• [WHAT YOU SHOULD DO]
All the lines below need retyping exactly, apart from the images.

[[ MATERIAL PROVIDED, beginning ]]

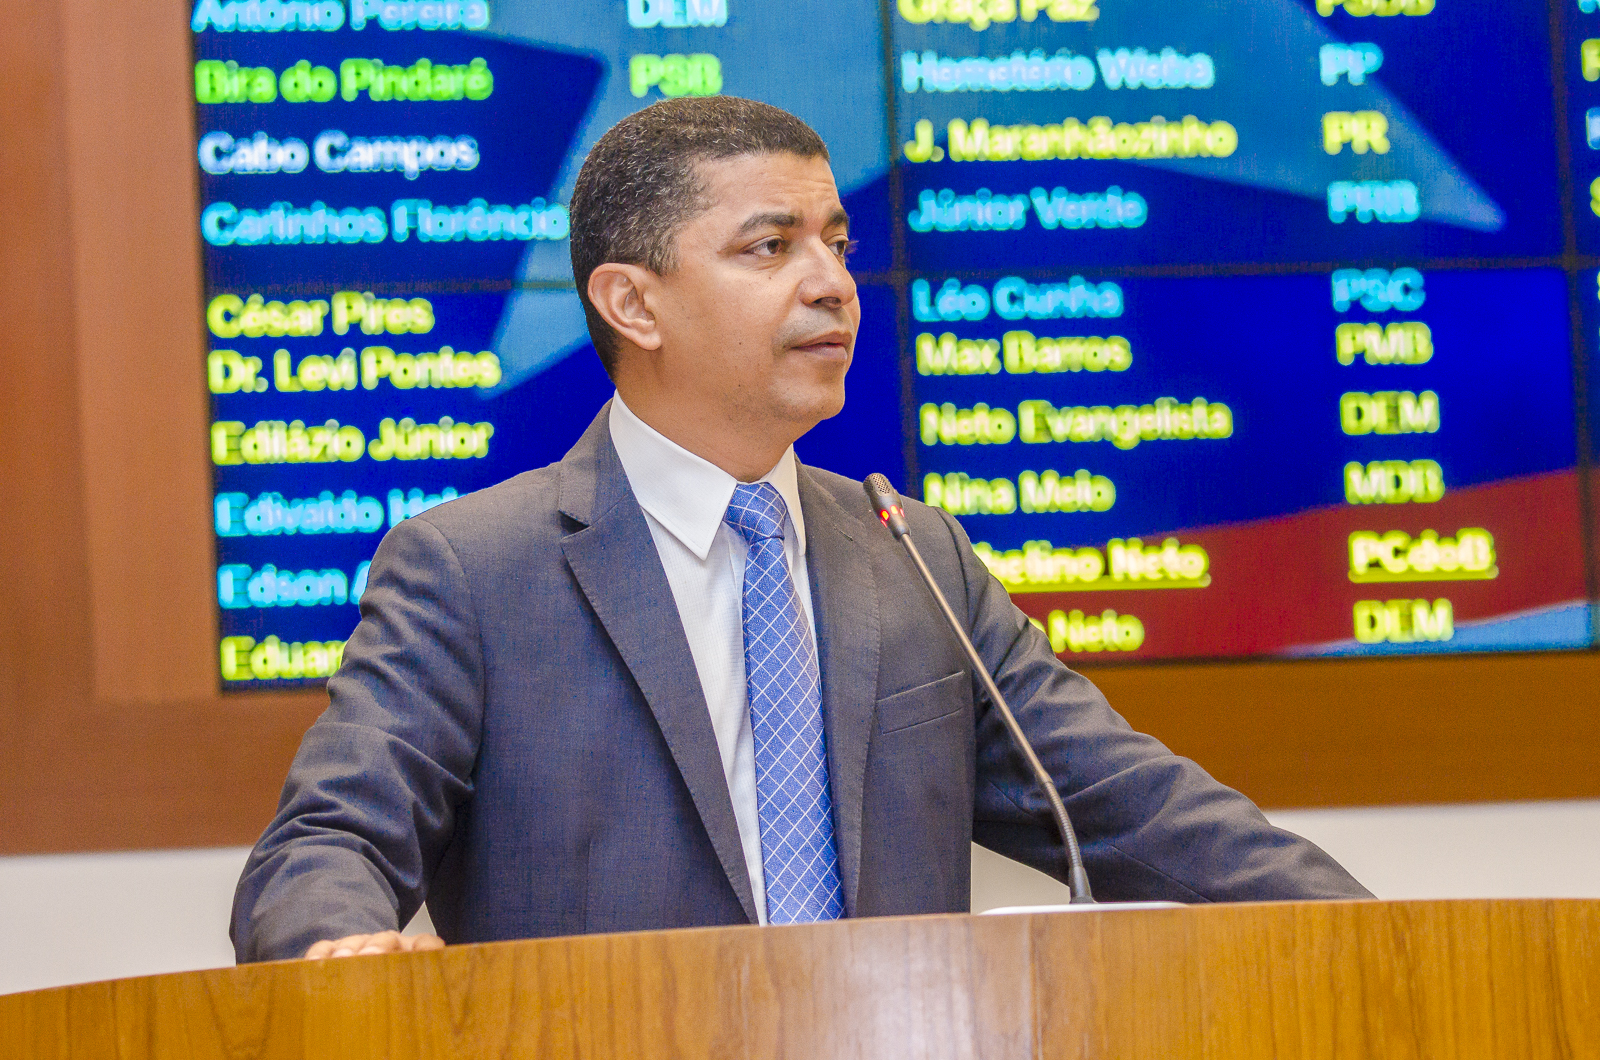 Bira destaca ranking que aponta Flávio Dino como o governador mais eficiente do Brasil  
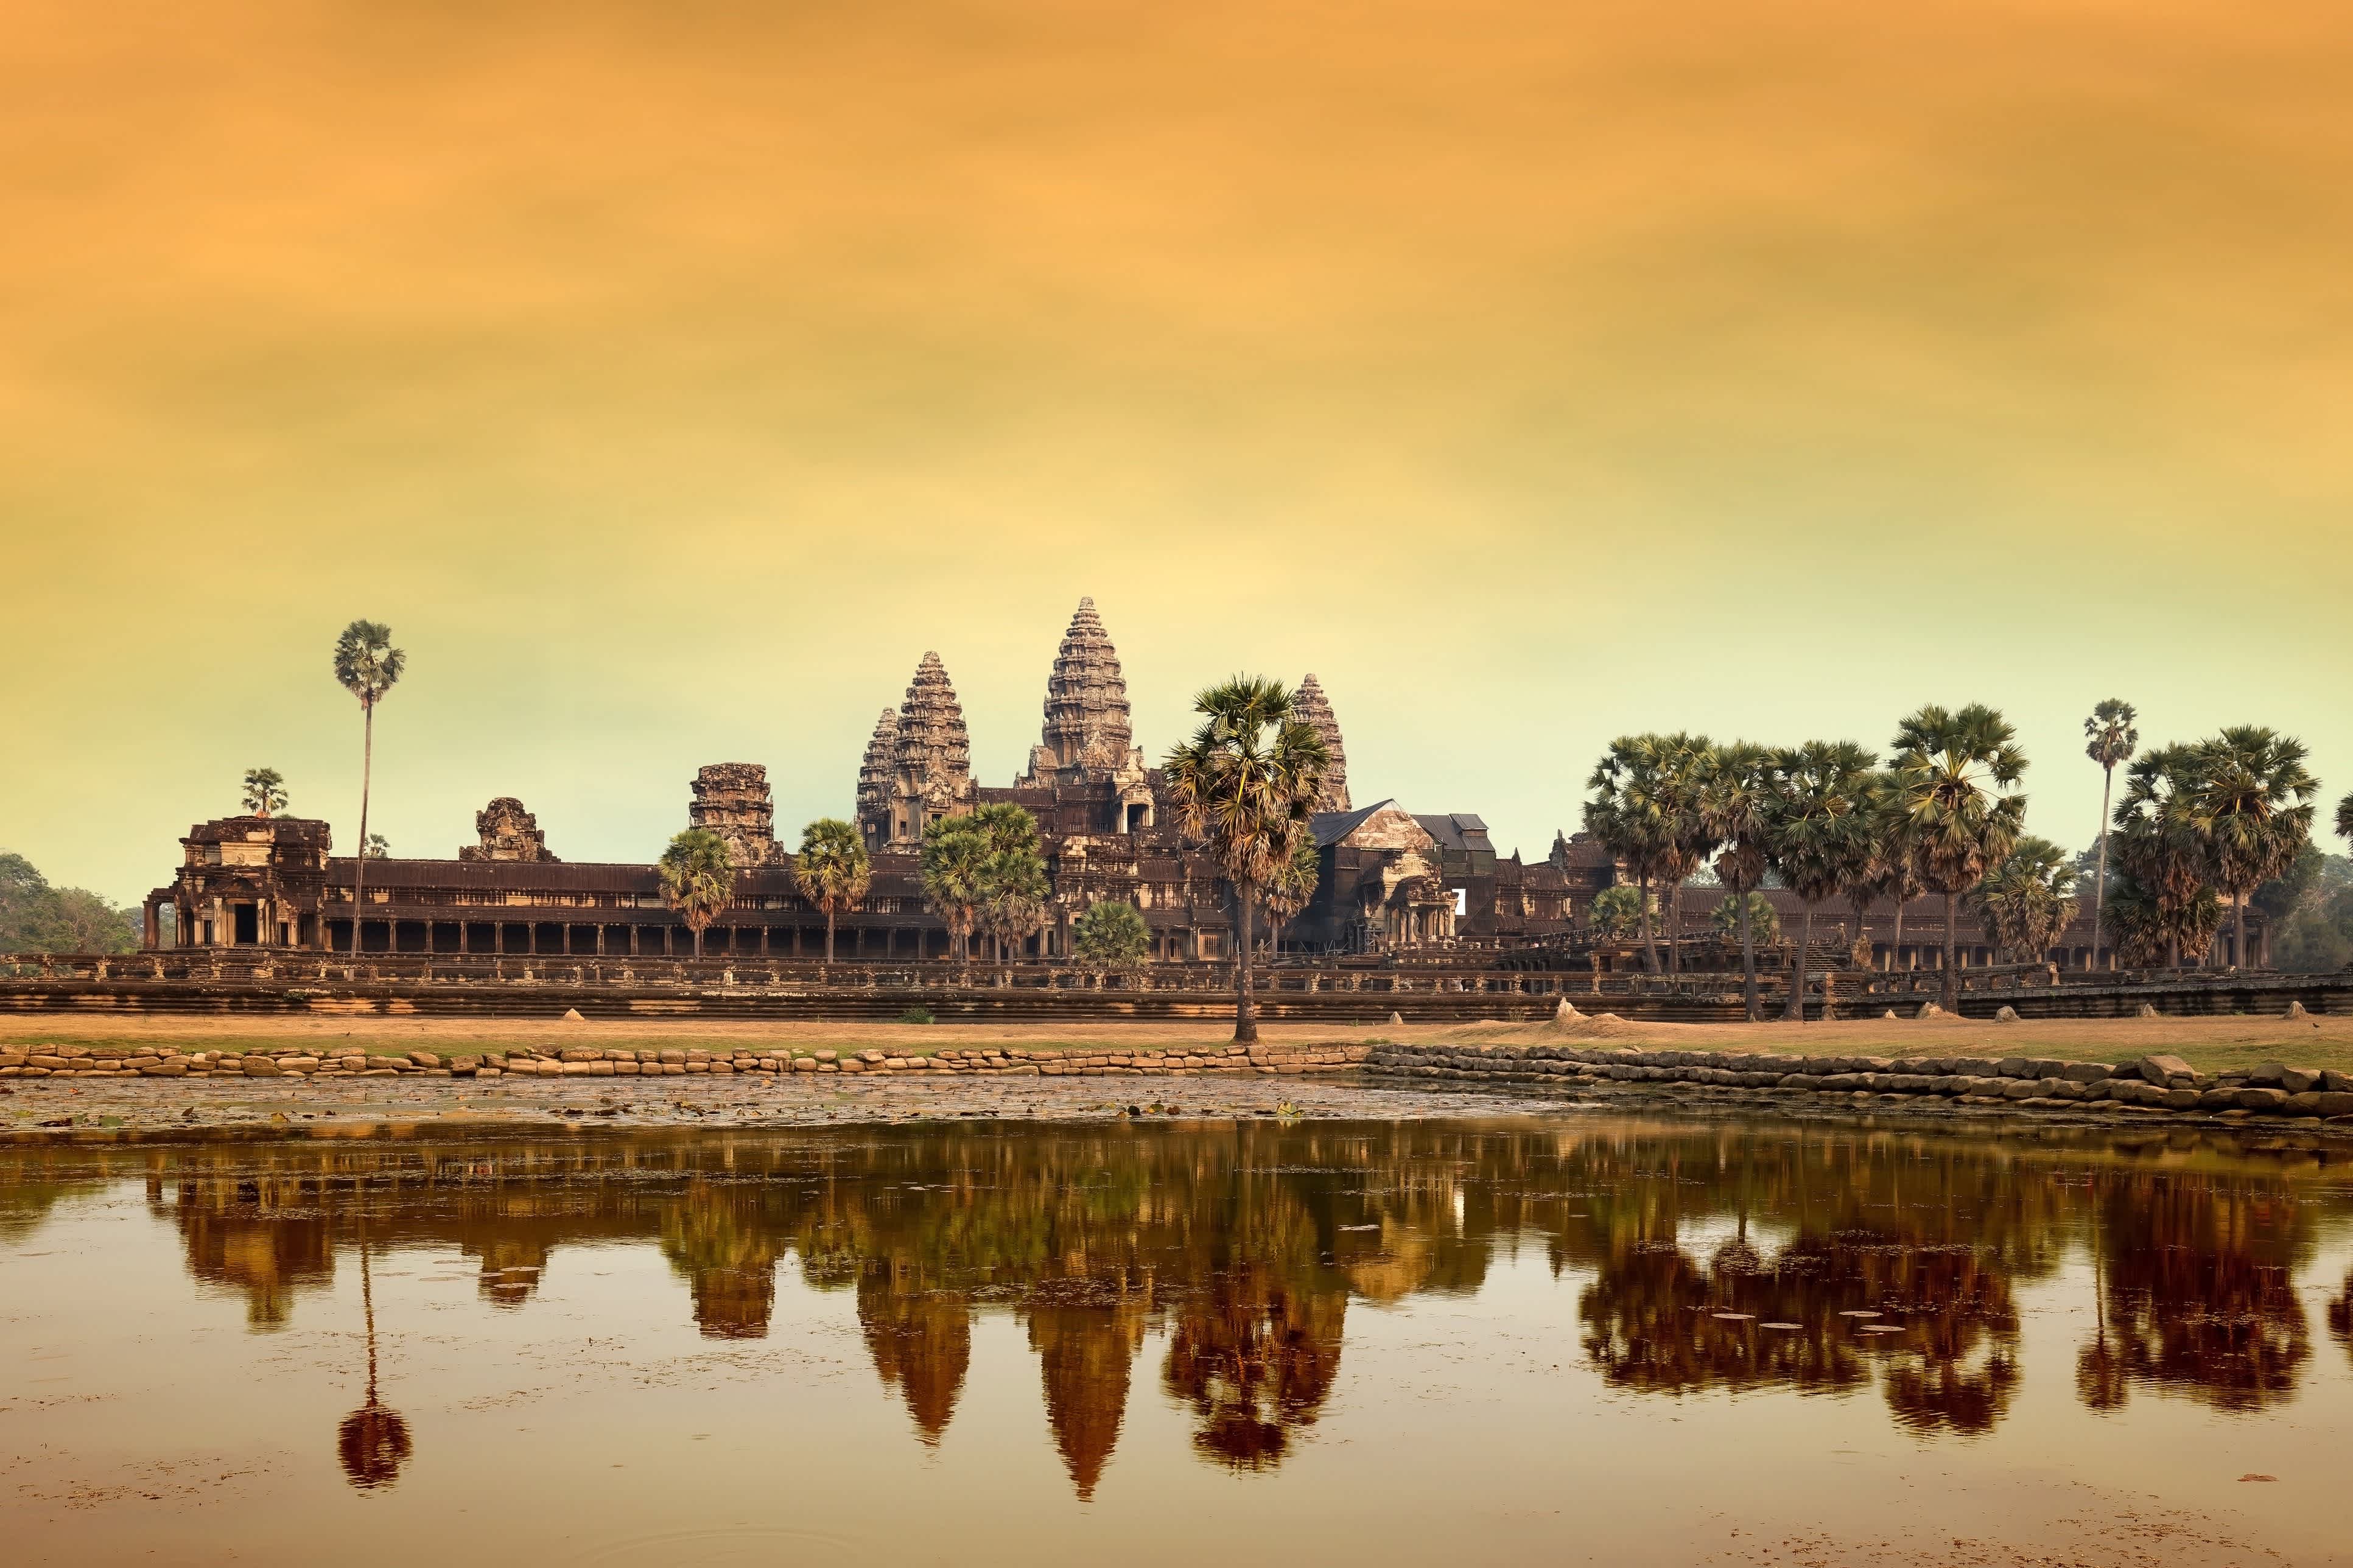 Siem Reap in Cambodia, Asia
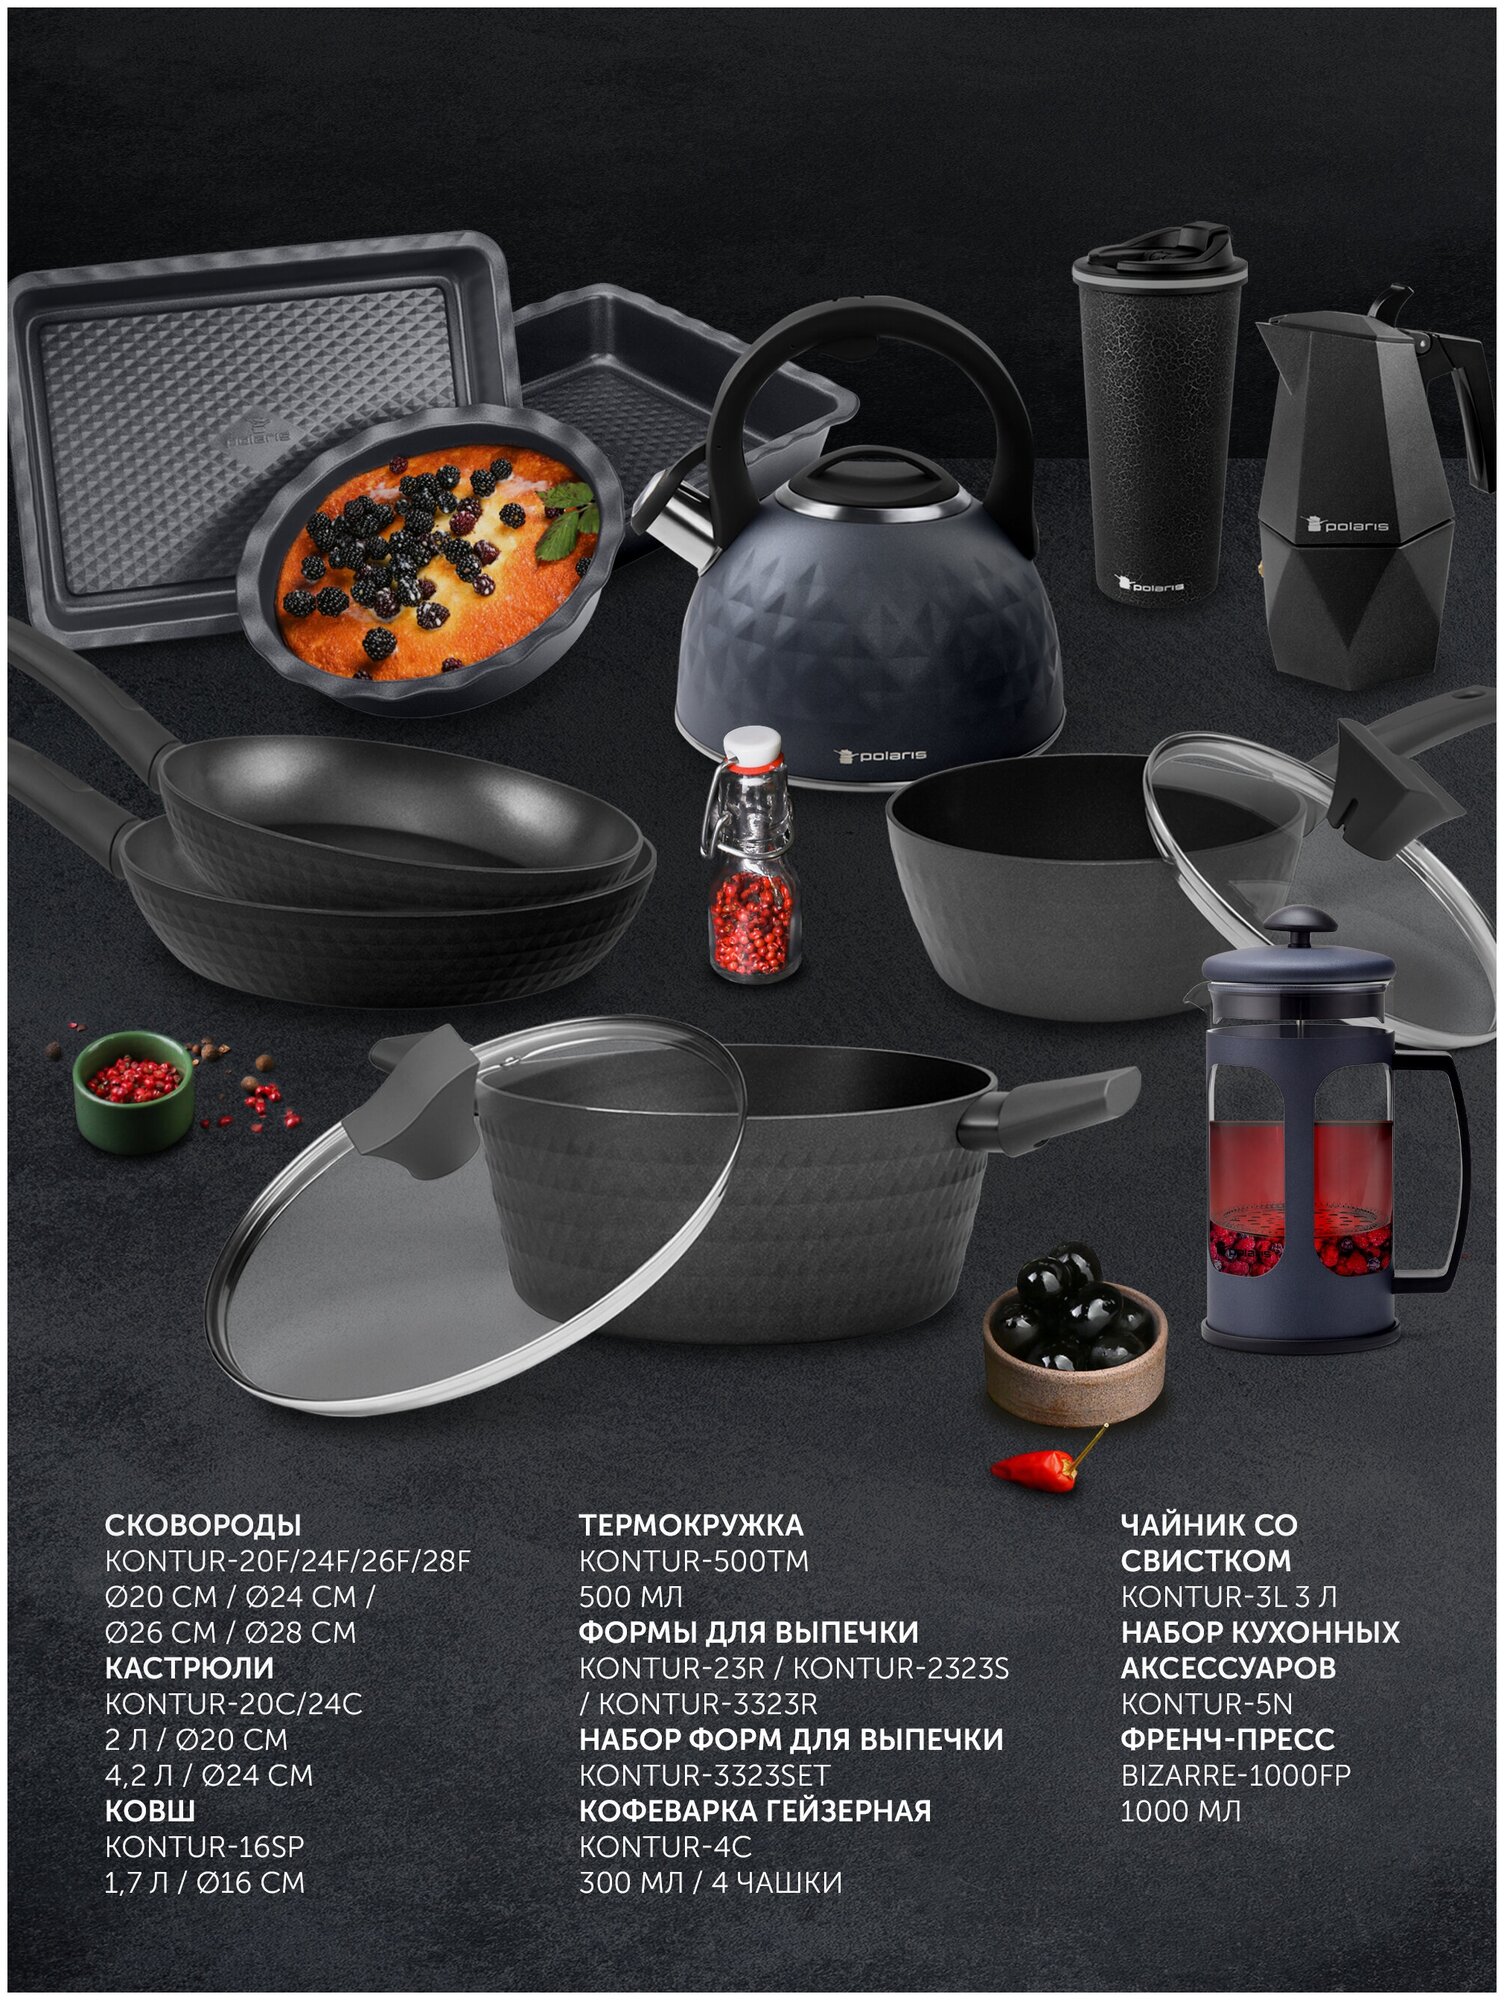 Набор кухонных аксессуаров Polaris Kontur-5N, Серый, 5 предметов - фотография № 4

[[ MATERIAL PROVIDED, end ]]

• [EXERCISE SOLUTION]
 Bira destaca ranking que aponta Flávio Dino como o governador mais eficiente do Brasil  
 Siem Reap in Cambodia, Asia
 Набор кухонных аксессуаров Polaris Kontur-5N, Серый, 5 предметов - фотография № 4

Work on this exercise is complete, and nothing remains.